Ricky Peterson, left, with fellow pilgrims from around the world during the final Mass of WYD 2008 at Randwick Racecourse, Sydney. PHOTO: Supplied

When he returned to the US several doctors assessed him without knowing what had happened to him in Sydney, and found he no longer had Parkinson’s. When Maura—who works as a nurse—asked Ricky’s neurologist whether the original diagnosis of Parkinson’s nine years earlier had been correct, he showed her the massive file documenting Ricky’s illness and said, “He had Parkinson’s.”

Ricky, who works as an electrician, had watched his own father die from complications of Parkinson’s, a disorder of the central nervous system that often causes tremors. He says that if he had not been healed, he would now be retired due to disability. “I may not even be still alive,” he said.

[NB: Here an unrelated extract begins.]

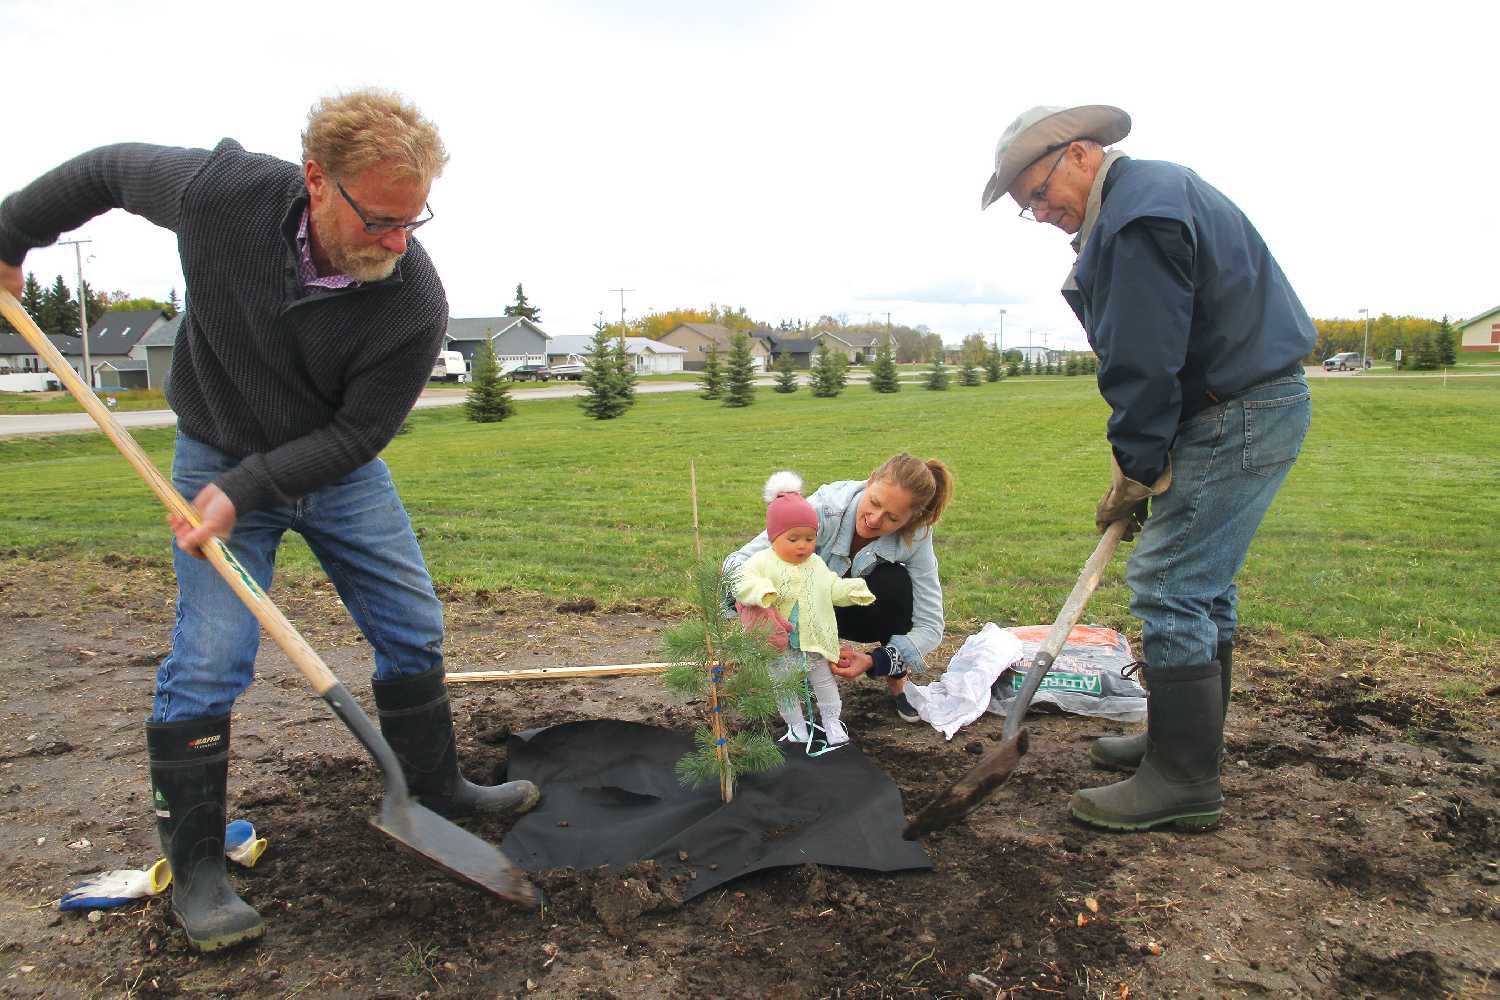 Volunteers planting trees at the South East Integrated Care Centre in 2019.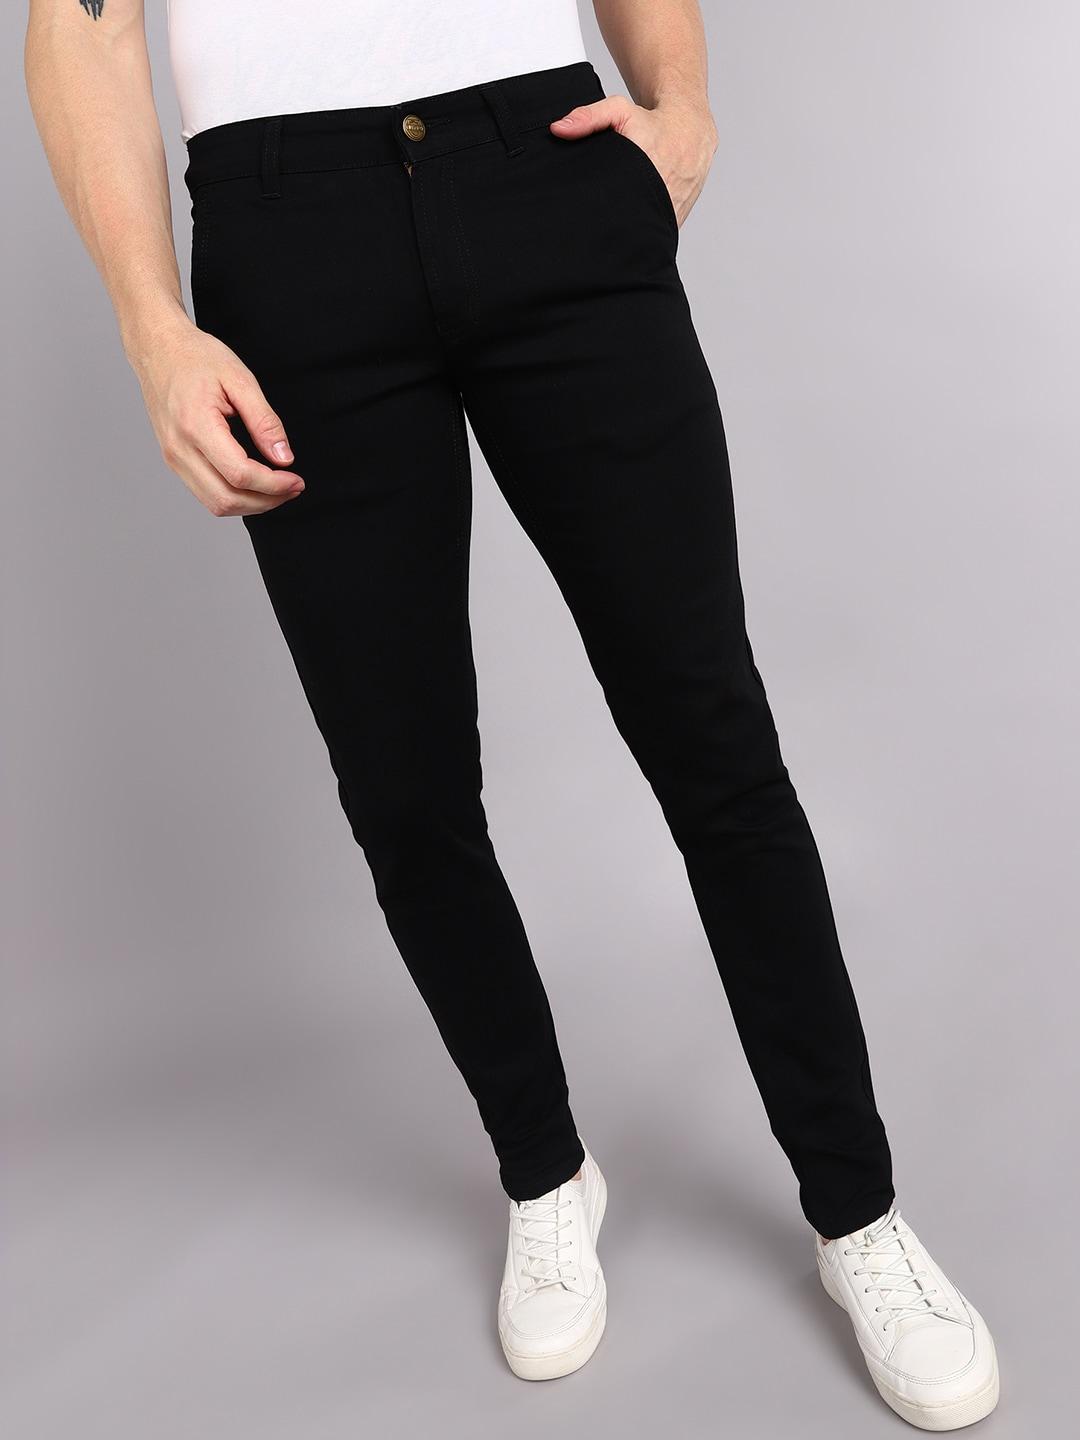 urbano-fashion-men-black-slim-fit-mid-rise-clean-look-stretchable-jeans

When he had arrived in Sydney in 2008 he was suffering from a severe right arm tremor that was with him 24 hours a day, seven days a week, and was exacerbated by tiredness and stress.

Ricky Peterson, second from right, and his youngest daughter Jessica, third from left, with the Kelly family who were their hosts during WYD08 in Sydney. PHOTO: Supplied

He now believes that the healing of his debilitating illness had occurred at the very moment he prayed at Mary’s tomb.

“My hand was shaking when I knelt at the tomb… There were 50 or 60 people in the chapel at the time and when I started that prayer I heard no one. There was just quiet. I don’t remember hearing anything. When I stood and walked out I didn’t even consider if it [the tremor] was gone… but I believe it happened right then.”

Ricky and Maura were invited by the Sisters of St Joseph to attend Mary’s canonisation in 2010.

“It was amazing because the Sisters gave us two tickets right up the front [in St Peter’s Square] with them,” Ricky said.

Ricky Peterson swaps contact details with pilgrims from Italy during WYD in Sydney 2008. PHOTO: Supplied

Over the past ten years, Ricky says, he has not had even the slightest sign of the Parkinson’s returning.

Maura believes Ricky was healed because he asked God in a way that was not grasping.

“I had been to Lourdes before and prayed for Rick’s healing,” she said. “And it was always, ‘Please heal Rick’. His prayer at Mary’s tomb however was ‘no matter what happens, give me the strength to continue to carry your word to others’. It wasn’t ‘give me’.”

Ricky now shares his amazing story with anyone who will listen, believers and unbelievers alike. “I share my story with people at work. I even share it with people at the gas pump,” he said.

Ricky and Maura Peterson talk to Catholic Weekly journalist, Catherine Sheehan, at Mary MacKillop Place in North Sydney on 18 July 2018, ten years to the day that Ricky was healed of Parkinson’s. PHOTO: Giovanni Portelli

He constantly carries with him a stack of holy cards bearing one of Mary’s MacKillop’s most well-known quotes: “Never see a need without doing something about it.” He hands them out to anyone who will take one.

Ricky said it was a dream come true to be able to return to Sydney with Maura for the ten year anniversary of his healing. “The city is as beautiful as I remember,” he said.

He still has a very close relationship with the Australian saint who changed his life.

“She hears from me daily. It’s like, Mary, here we go again, we’ve got a bunch of people to pray for.”